= Pamela Sheldon Johns =

Pamela Sheldon Johns is the author of seventeen cookbooks (see below) specializing in Italian traditional and regional ingredients. Her career, for more than twenty years, has included teaching, food photography/food styling, cooking school administration, food writing, innkeeping, and agriculture. She lives at Poggio Etrusco, her organic farm and Bed & Breakfast in southern Tuscany, and produces an extra-virgin olive oil called "Pace da Poggio Etrusco."

After earning a master's degree in Education/Psychology/Administration, Pamela taught cooking and food services to students with disabilities in southern California for ten years, then taught in the Communicative Disorders Dept at California State University, Long Beach. She took a leave of absence in 1986 to pursue a love for cooking which began by working with Chef Joachim Splichal and later, a management position with Ma Cuisine Cooking School (the cooking school of Ma Maison restaurant, Los Angeles).

In 1992, Johns and her husband, the artist Courtney Johns, moved to Santa Barbara, where she started a cooking school at Jordano's Marketplace. At this same time, she also began working as the representative of an Italian culinary program, and her first cookbook, Healthy Gourmet, a James Beard nominee, was published. When Jordano's Marketplace moved in 1999, the cooking school was closed. This created the opportunity to further develop the culinary workshops in Italy and devote more time to food writing.

A regular visitor to Italy since 1983, in 1992 she started Italian Food Artisans LLC, bringing food lovers for wine and food workshops in various regions: Tuscany, Emilia-Romagna, Liguria, Campania, Sicily, Veneto, Abruzzo, Apulia, and Piedmont.
Since 2001, she and her family have lived at her farm, Poggio Etrusco, where she manages her organic olive oil-producing farm and agriturismo (bed & breakfast) in Tuscany. Johns has been featured in Bon Appetit magazine (1996), Food & Wine magazine (Top Ten Cooking Schools in Italy, 2007), and Cooking Light magazine (2009). Wall Street Journal named Pamela one of the top ten culinary guides in Europe, and Poggio Etrusco was in Travel + Leisure July 2011. CNN did a focus on Pamela's Tuscan cooking tours (see CNN.com; search for Tuscan food tour). In October 2017, Pamela was featured on PBS: Fine Cooking Moveable Feast.

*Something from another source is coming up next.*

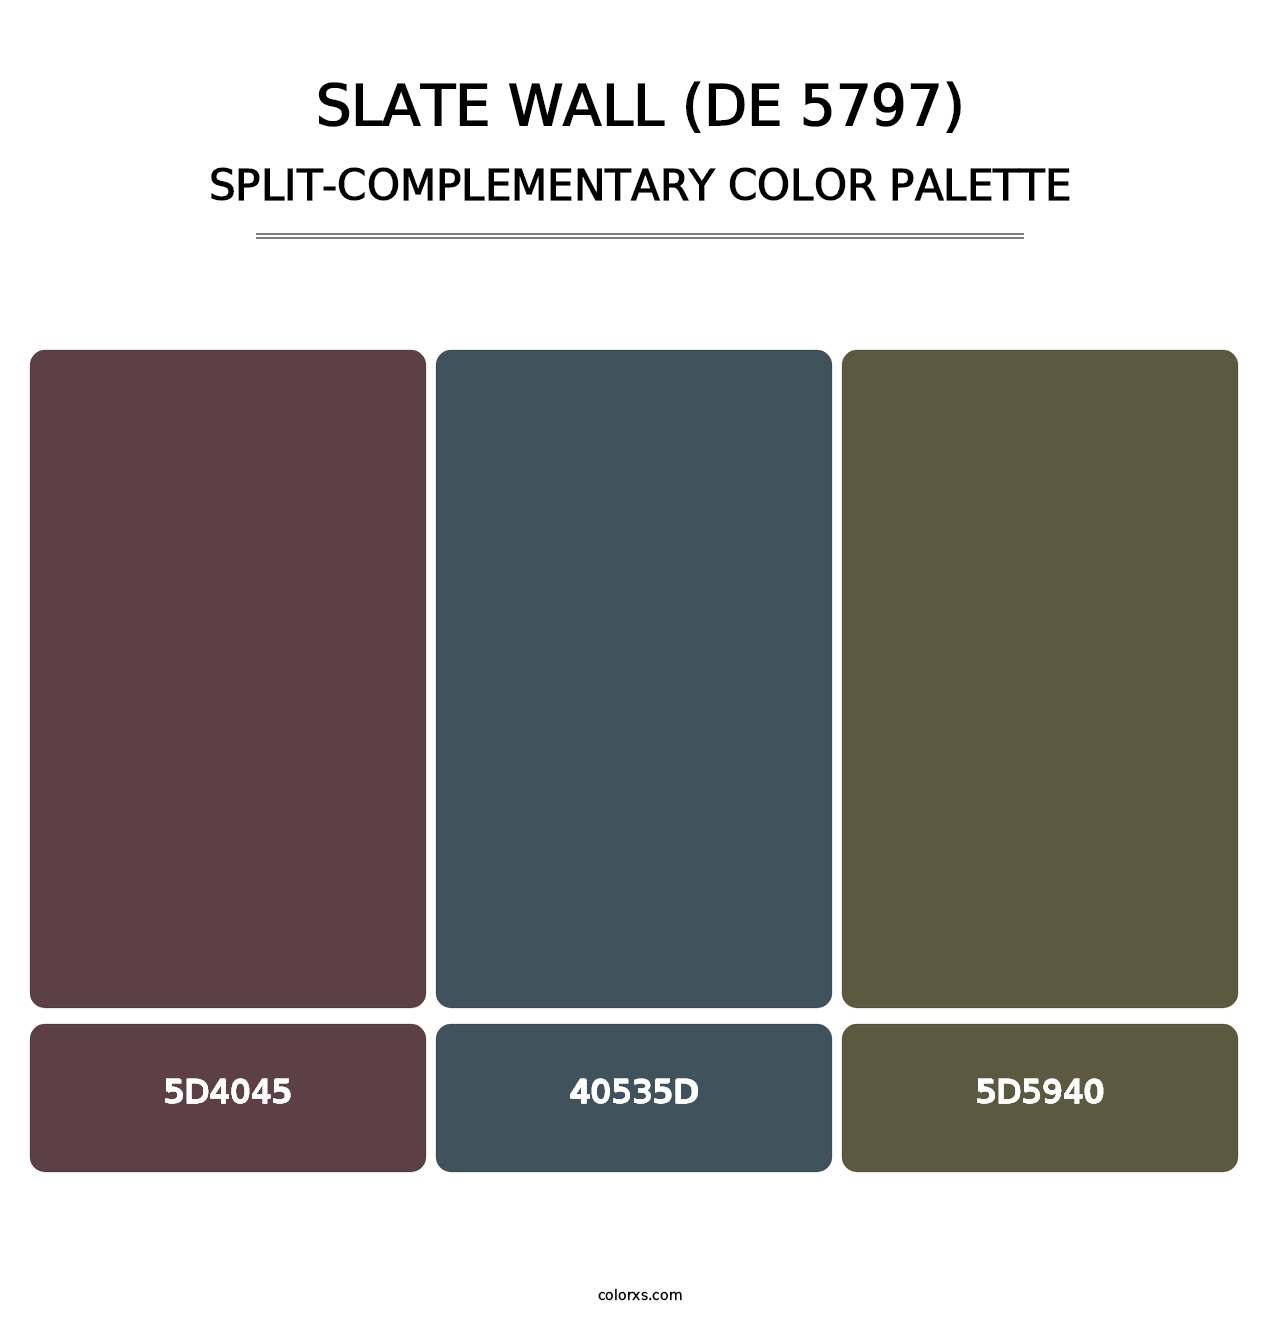 Slate Wall (DE 5797) - Split-Complementary Color Palette

Johns returns to the US once a year to do cooking classes and lectures about Italian artisanal food. Her audiences have included Smithsonian, IACP conferences, Roundtable for Women in Food Service, The American Institute of Wine & Food, Slow Food, and numerous cooking schools countrywide.

In addition to her cookbooks, Pamela is a freelance food writer; her articles/columns have been published in "Art of Eating", Cuisine magazine, Vinotizie, Santa Barbara News-Press, and she was food editor of Santa Barbara magazine for six years.

Before moving to Italy, Johns started and was the leader of the Santa Barbara Convivium of Slow Food. She served as an international juror for Slow Food, a member of the International Association of Culinary Professionals (IACP) and Women for WineSense, and Oldways Preservation and Exchange Trust. She has served on the local and National Board of Directors of The American Institute of Wine and Food (AIWF) and the Board of Directors of the Southern California Culinary Guild.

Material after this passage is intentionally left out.